When it’s math all the way down, generate your data on the GPU!

While it’s beyond the scope of this document, I’d be remiss if I didn’t mention the ultimate technique for getting data into a buffer fast: Generating it on the GPU! Specifically, WebGPU’s compute shaders are an excellent tool for populating buffers efficiently. Doing so has the massive upside of not requiring any staging buffers and thus avoiding the need for copies. But, of course, GPU-side buffer generation only really works if your data can be completely algorithmically computed and doesn’t apply to things like models loaded from a file.

Real world example

If you want to see these techniques (and a few others) at work in the real world, you should check out my WebGPU Metaballs demo. Use the “metaballMethod” drop-down to select the buffer population method to use, though don’t expect to see much performance difference between them (with the exception of the compute shader method.) You can also see the code for each of the techniques, with comments explaining each. It also details a couple more patterns not covered here, primarily because the circumstances in which they’d be the most efficient path are pretty rare.

Further reading

If you want to learn more about the mechanics of buffer use, I’d recommend looking through the WebGPU Explainer and relevant bits of the WebGPU spec. The spec, in particular, isn’t exactly what I’d call “light reading” but it describes the expected behavior of WebGPU buffers in great detail.

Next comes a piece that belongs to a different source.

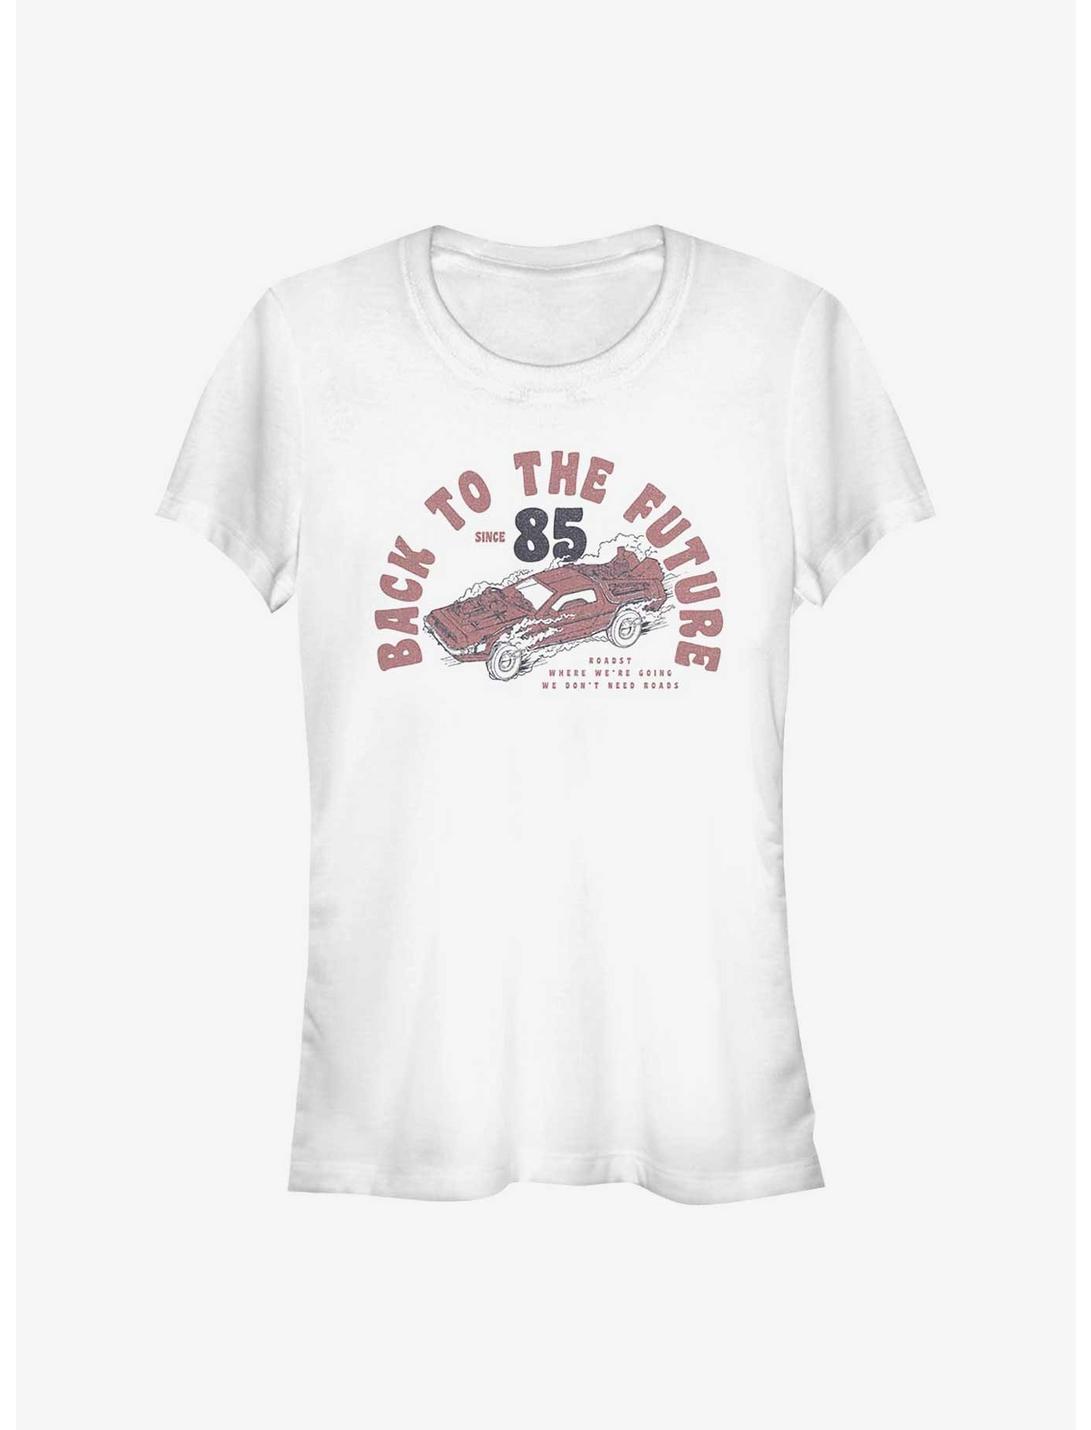 Back To The Future Vintage Logo Since 85 Girls T-Shirt, WHITE, hi-res
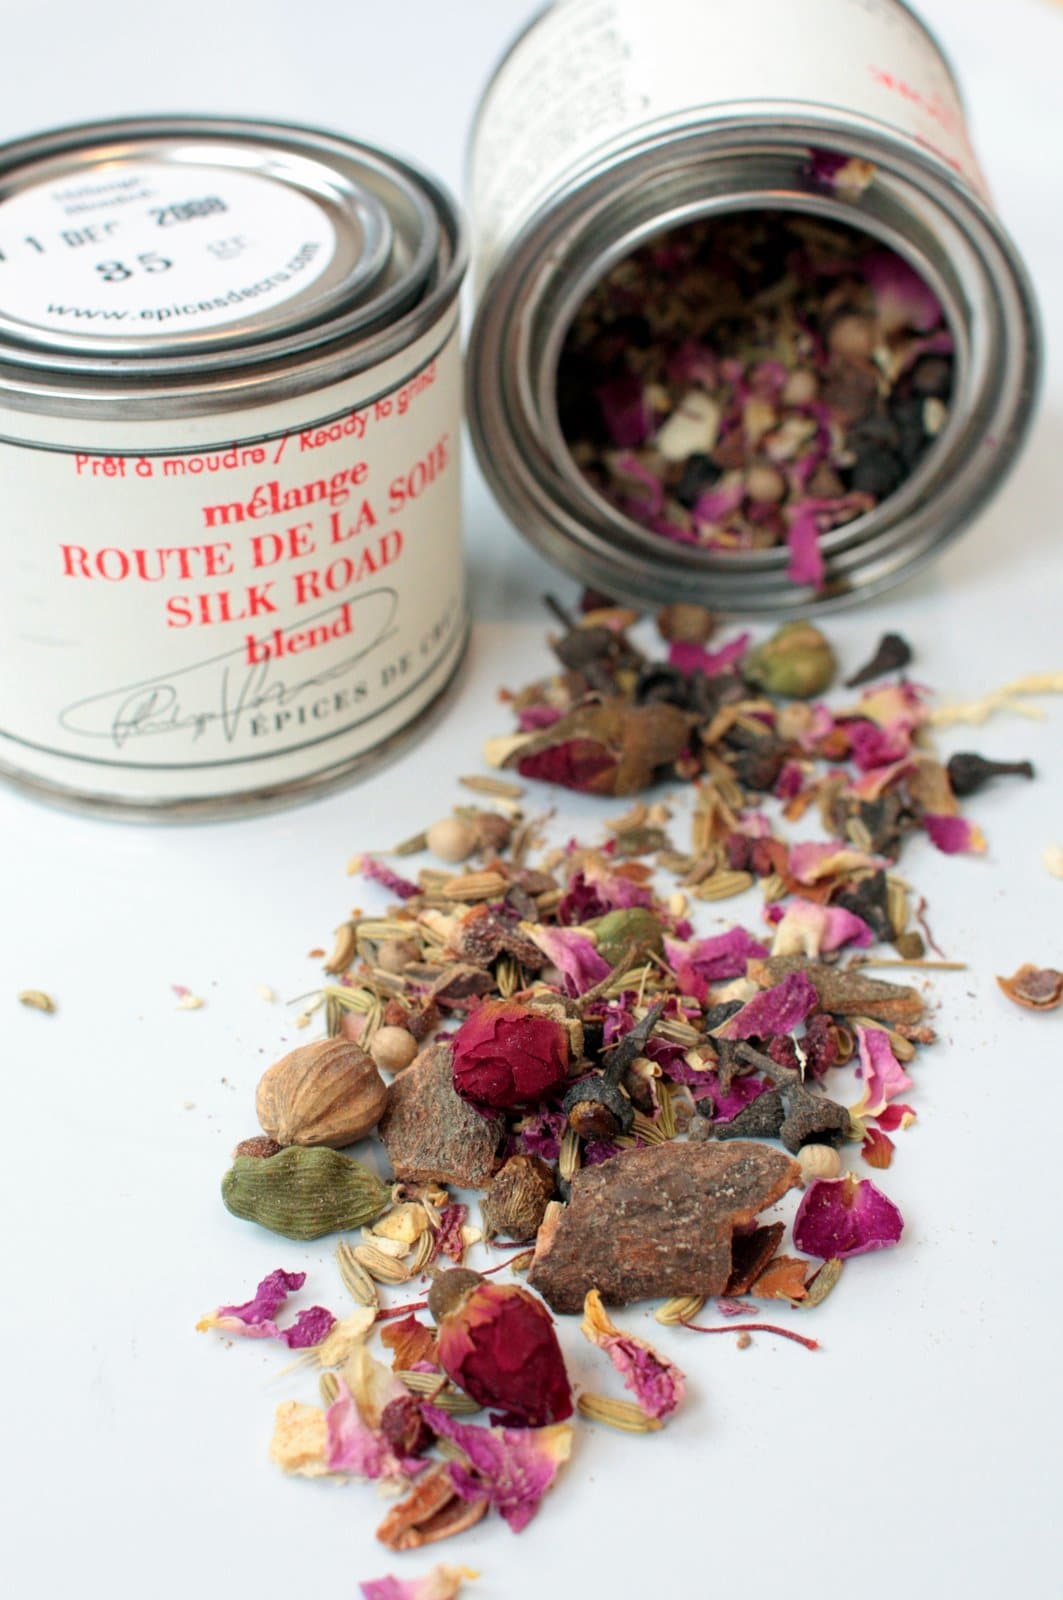 An Indian Film,  A New Spice Blend and a Giveaway

Have fun, and make cool stuff!

The variety of patterns that can be used to get data onto the GPU can make this area of WebGPU feel confusing and possibly a bit intimidating, but it doesn’t have to be! The number one thing to keep in mind is that this flexibility exists to offer high end, professional apps a way to tightly control their performance. For the average WebGPU developer you can and should start off by using the easiest approaches: calling writeBuffer() to update buffers and maybe using mappedAtCreation for buffers that only need to be set once. These aren’t “dumbed down” helper functions! They’re the recommended, high performance route that just so happens to also be the simplest to write. Only try to get fancier if you see that writing to buffers is a bottleneck for your application and you can identify an alternative technique that works well for your use case.

Good luck on whatever projects are ahead of you, I can’t wait to see what the spectacularly creative web community builds!